Although still at historically low levels, this rise represents the best reading since April 2010. Some surveyors attributed this increase to growing realism from many sellers, who appear to be more willing to take offers in order to secure a sale.
Completed sales also rose slightly, to an average of 15 per surveyor (by branch) over the past three months. While still muted, this represents the strongest level since April (15.1). However, respondents note that if buyers are able to access finance, banks are taking a long time to agree lending terms, which is slowing down the purchase process.
New buyer inquiries which are a good indicator of buyer demand, edged up to a net balance of +7% (from +4 in September). Meanwhile, new instructions (which highlight supply levels) also increased, moving from a net balance of -4% to +3% in October. Surveyors added that uncertainty in Europe spilling over to UK economy and restricted mortgage availability are still impacting on the market, resulting in caution from buyers.
Prices continue to remain in negative territory, and dipped slightly in October, with 24% more surveyors reporting prices fell rather than rose (from 23% more in September).
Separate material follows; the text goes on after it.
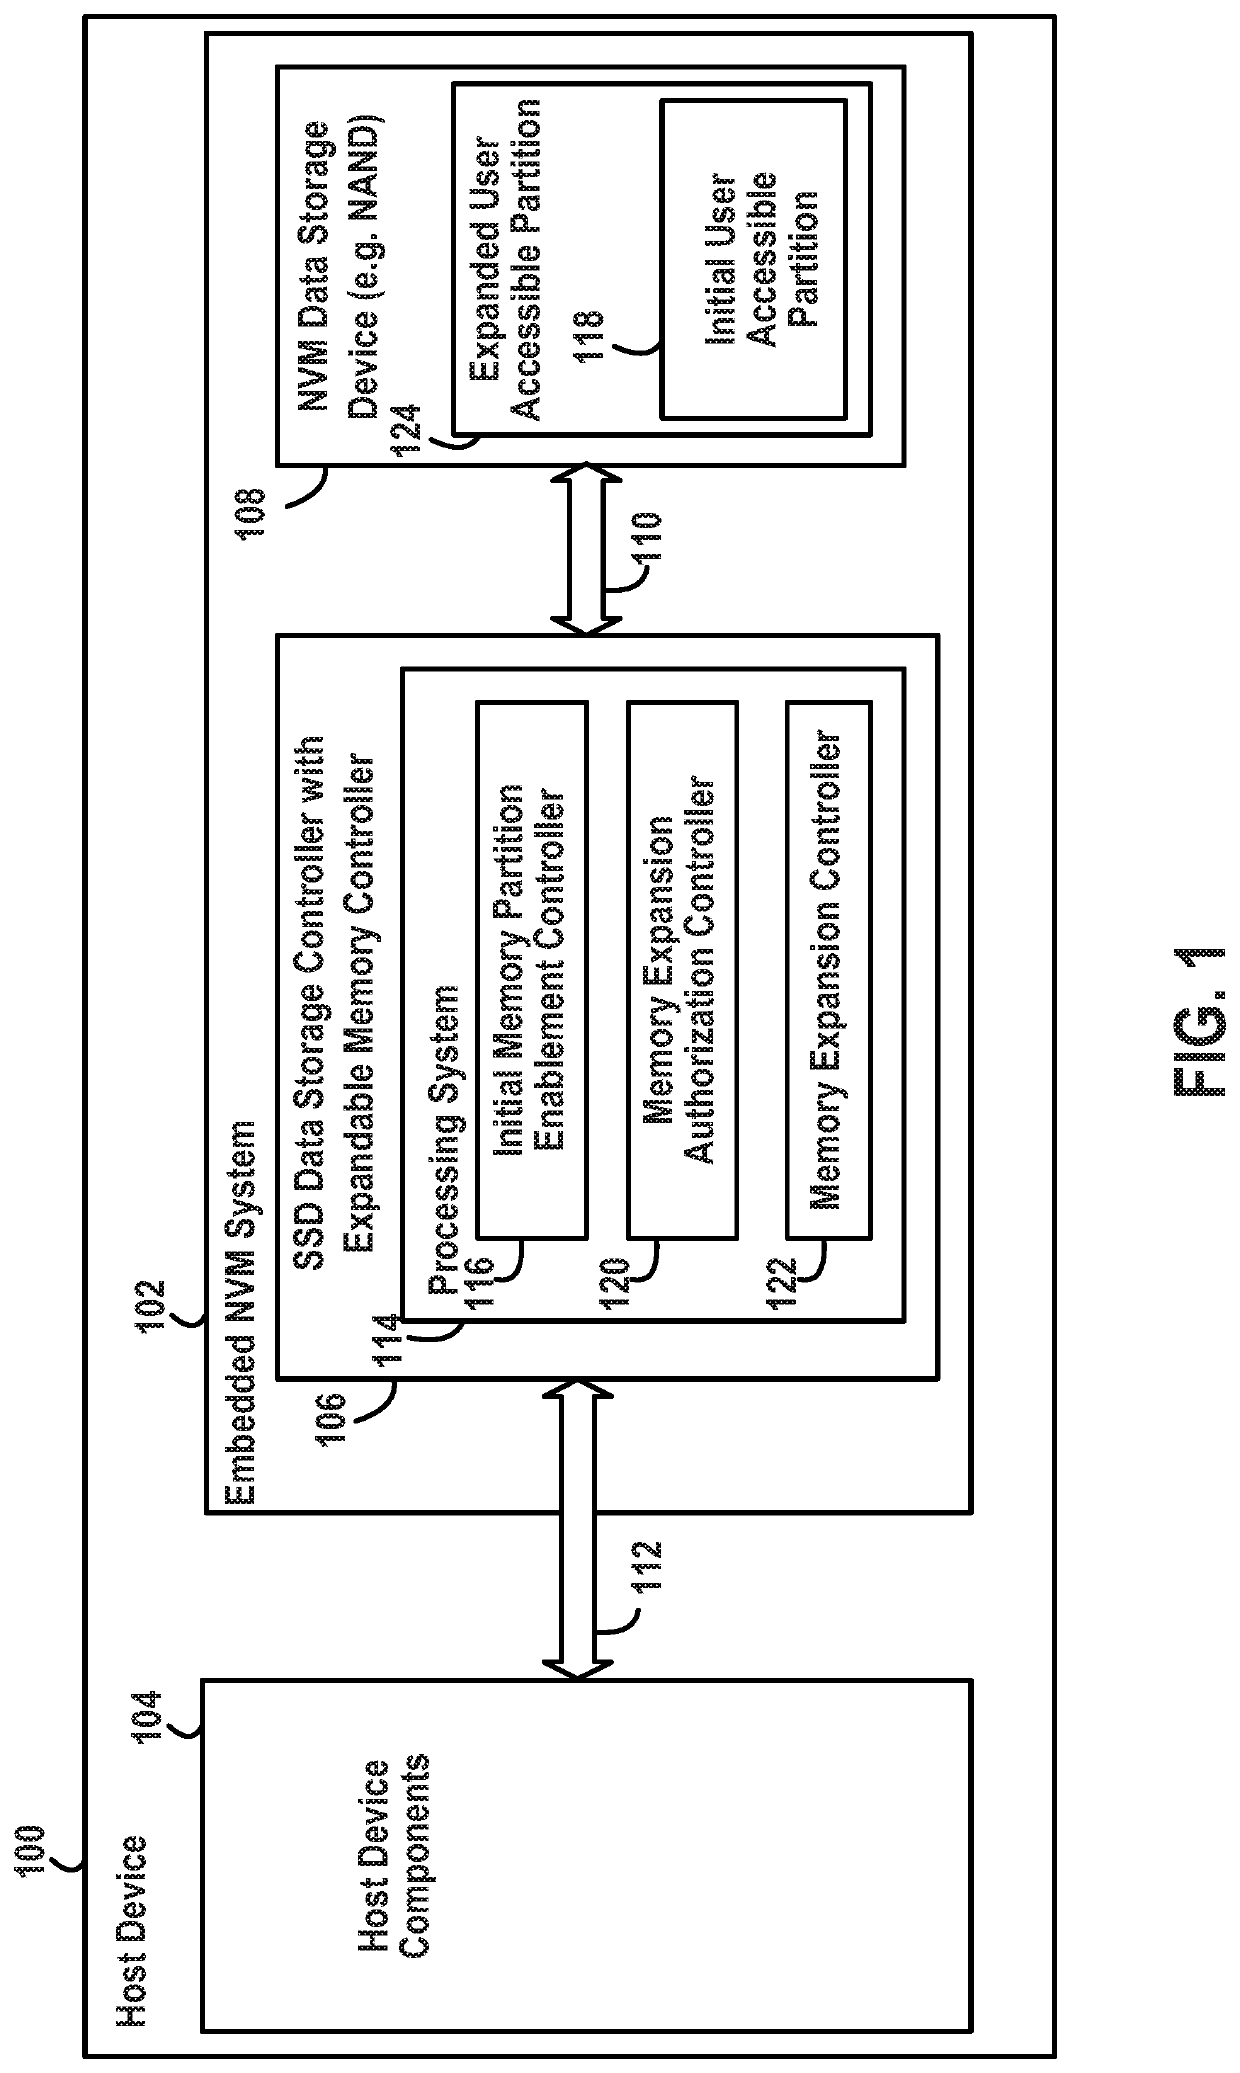 Expandable memory for use with solid state systems and devices

However, more than half of all respondents indicated that prices were stable and of those reporting a decline, almost three quarters suggested the extent of the fall was between 0 and 2%.
Regionally, London continues to be the only region recording rising prices at the present time; it is also the only area where the price expectations net balance is positive. By way of contrast, new buyer enquiries and sales expectations appear to be edging upwards across rather more of the country, with demand for property strongest in the South East and the North West.
RICS housing spokesperson, Ian Perry, said: "It is encouraging that activity levels appear to have edged upwards over the past month. Indeed, chartered surveyors are generally upbeat about the near term prospects for transactions.
"However, with the chaotic events in the euro area threatening to spill over to the UK and banks still imposing tough conditions on loans to first time buyers, any recovery in sales is still likely to be relatively modest. This will inevitably leave many people who would like to own a home unable to access the market."